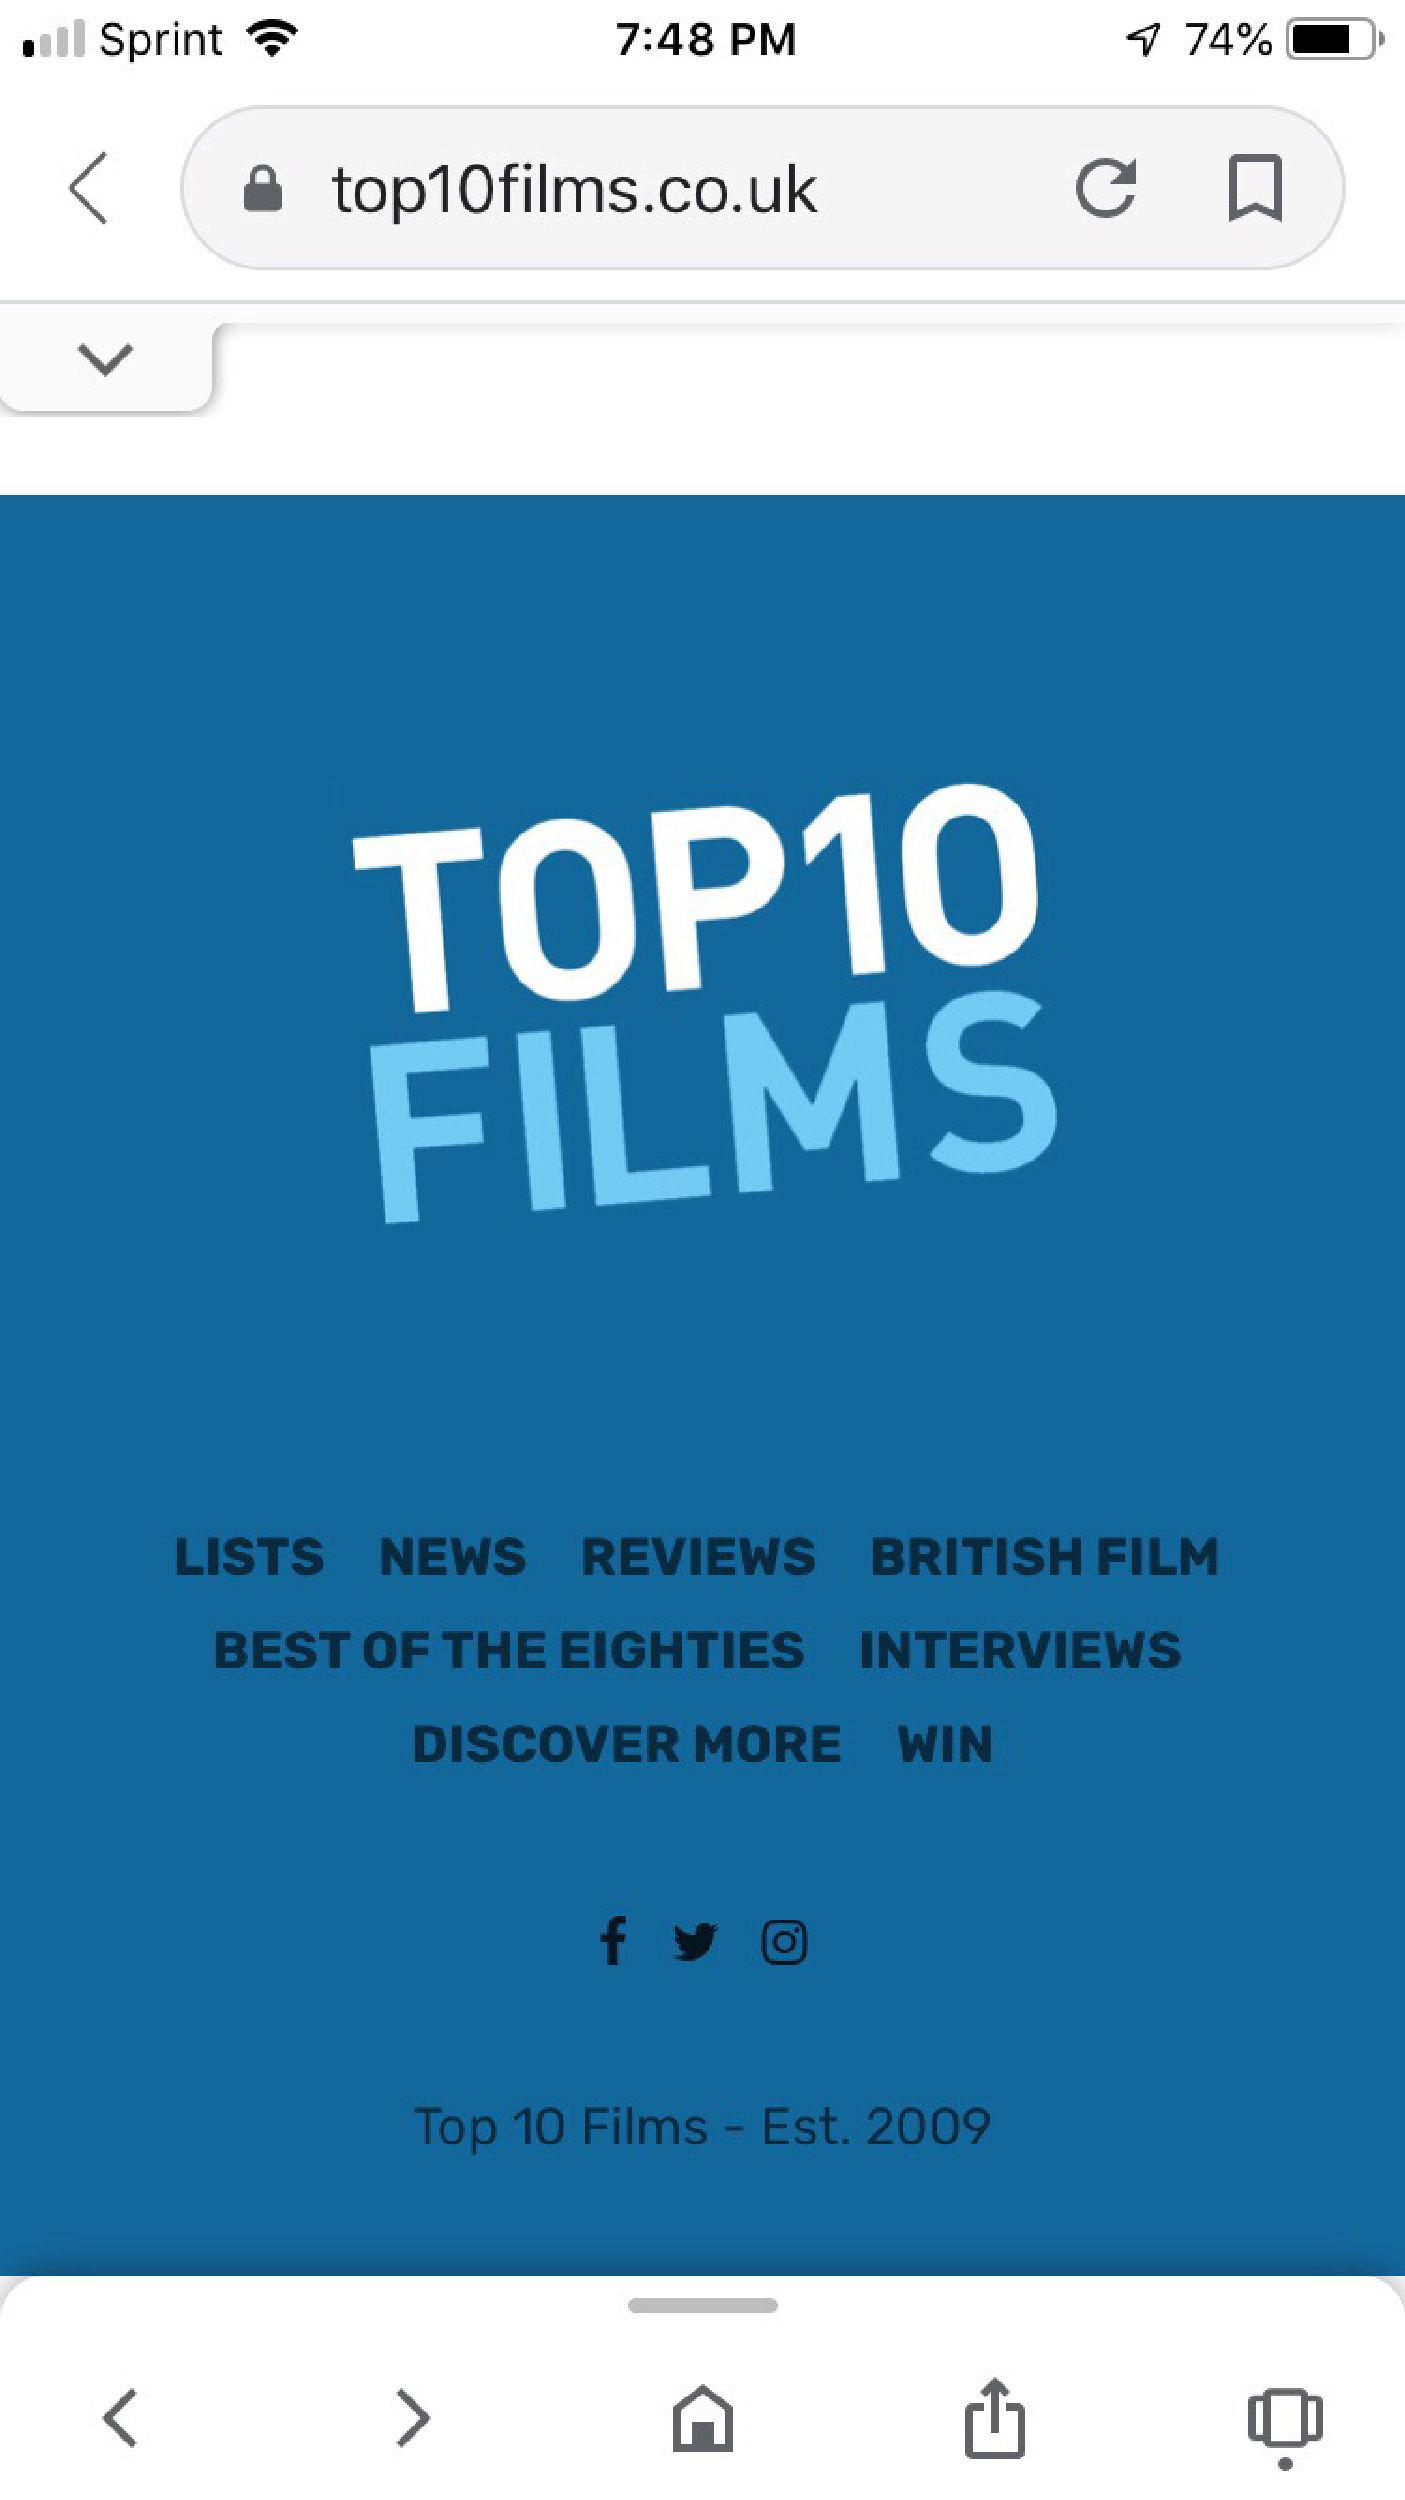 Top 10 Films website
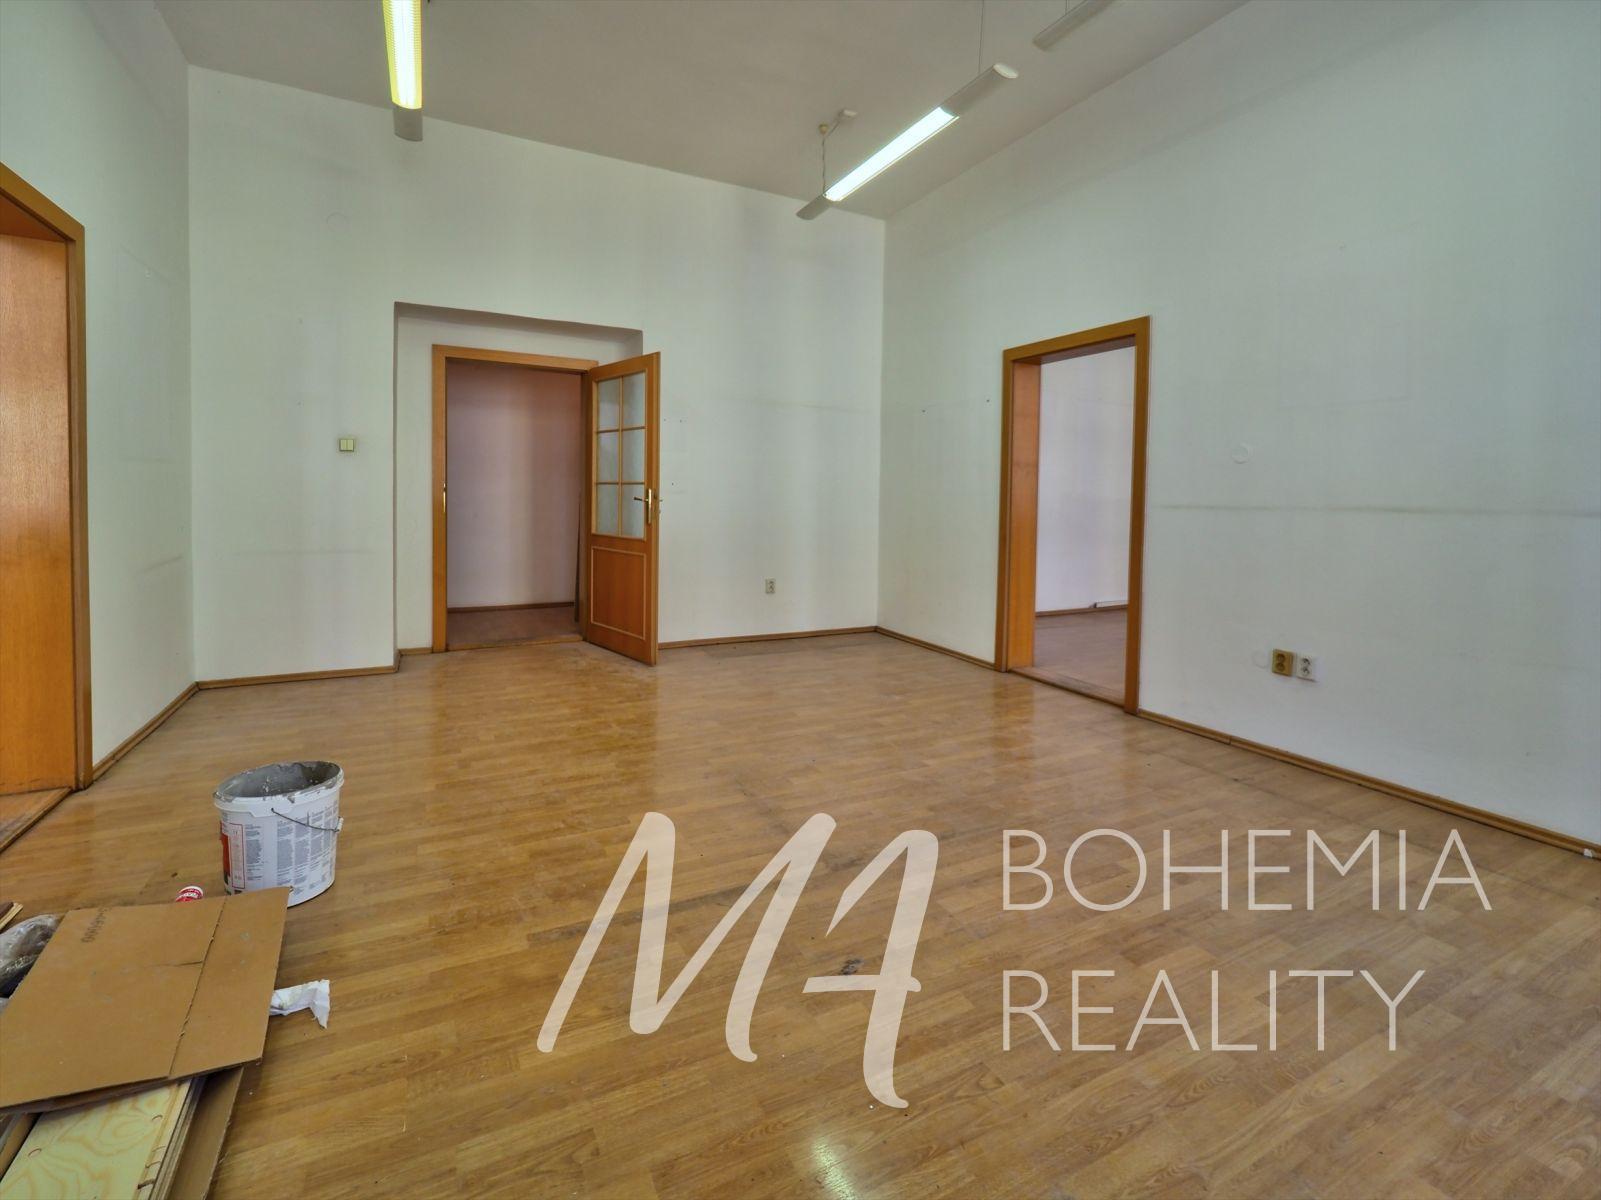 Prodej bytu 4+1, Vinohrady, ul. Velehradská.
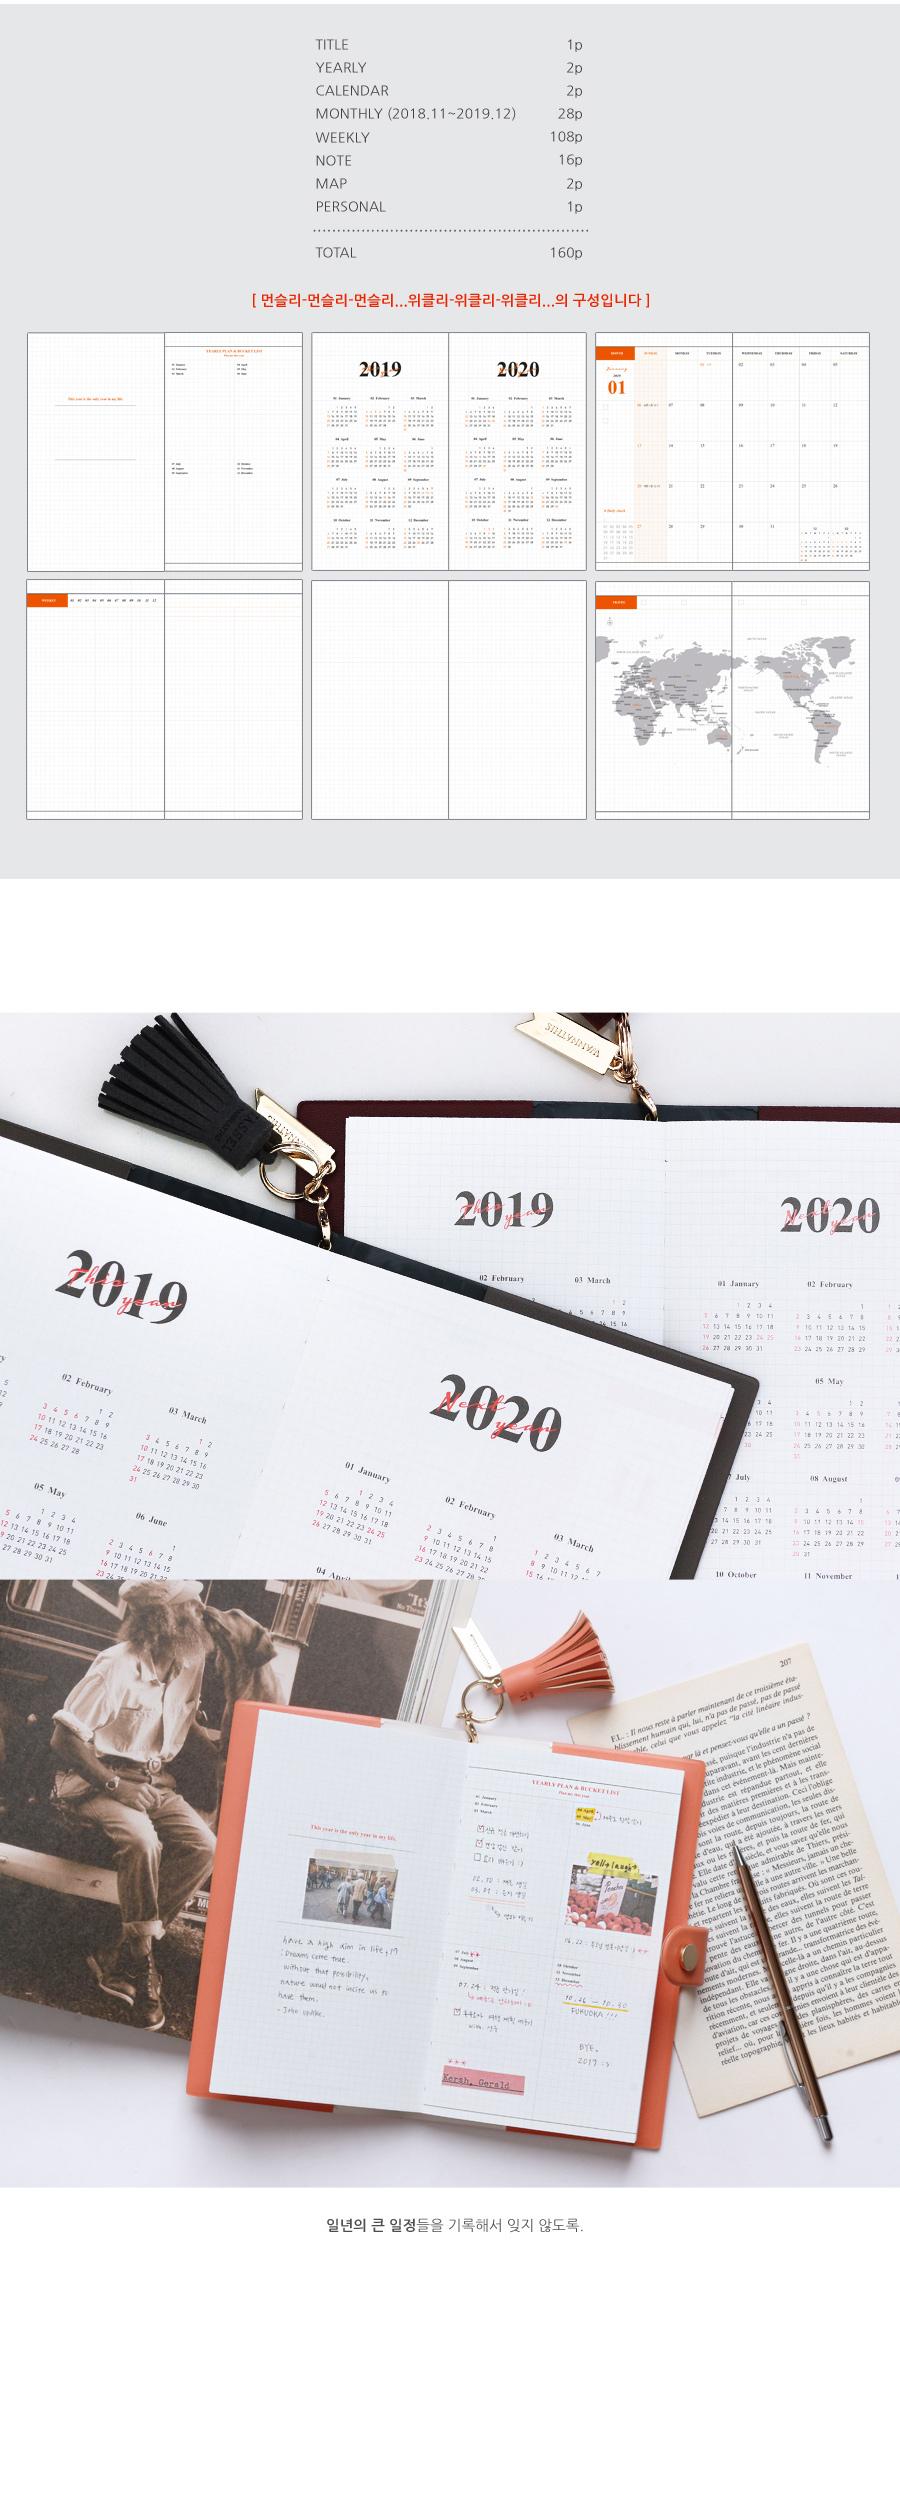 2019 태슬링 다이어리 S19,500원-워너디스디자인문구, 다이어리/캘린더, 2019 다이어리, 심플/베이직바보사랑2019 태슬링 다이어리 S19,500원-워너디스디자인문구, 다이어리/캘린더, 2019 다이어리, 심플/베이직바보사랑
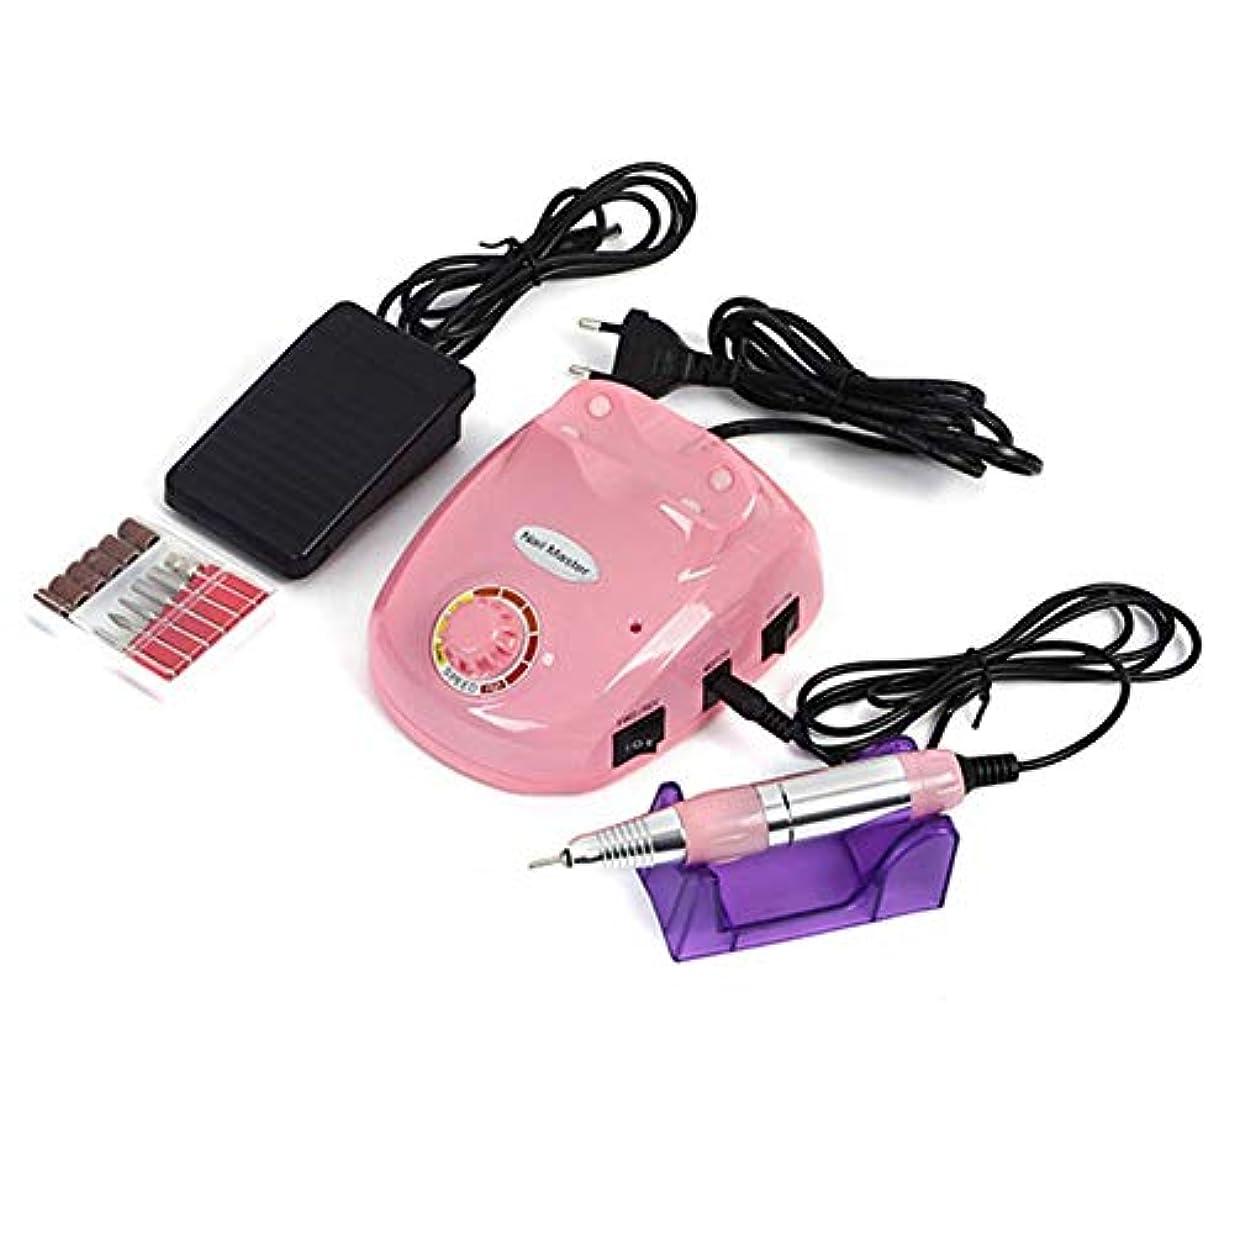 合理的けがをする浪費30000 rpmネイルマニキュア機電動ネイルドリルビットファイルカッターサンディングバンドアクセサリーセットペディキュア機器機器、黒,ピンク

• • • • • • •

§ **ACTIVITY**: Retype the listing exactly. Skip every picture.

§ **TASK SOLUTION**:
 Top 10 Films website
 Prodej bytu 4+1, Vinohrady, ul. Velehradská.
 2019 태슬링 다이어리 S19,500원-워너디스디자인문구, 다이어리/캘린더, 2019 다이어리, 심플/베이직바보사랑2019 태슬링 다이어리 S19,500원-워너디스디자인문구, 다이어리/캘린더, 2019 다이어리, 심플/베이직바보사랑
 合理的けがをする浪費30000 rpmネイルマニキュア機電動ネイルドリルビットファイルカッターサンディングバンドアクセサリーセットペディキュア機器機器、黒,ピンク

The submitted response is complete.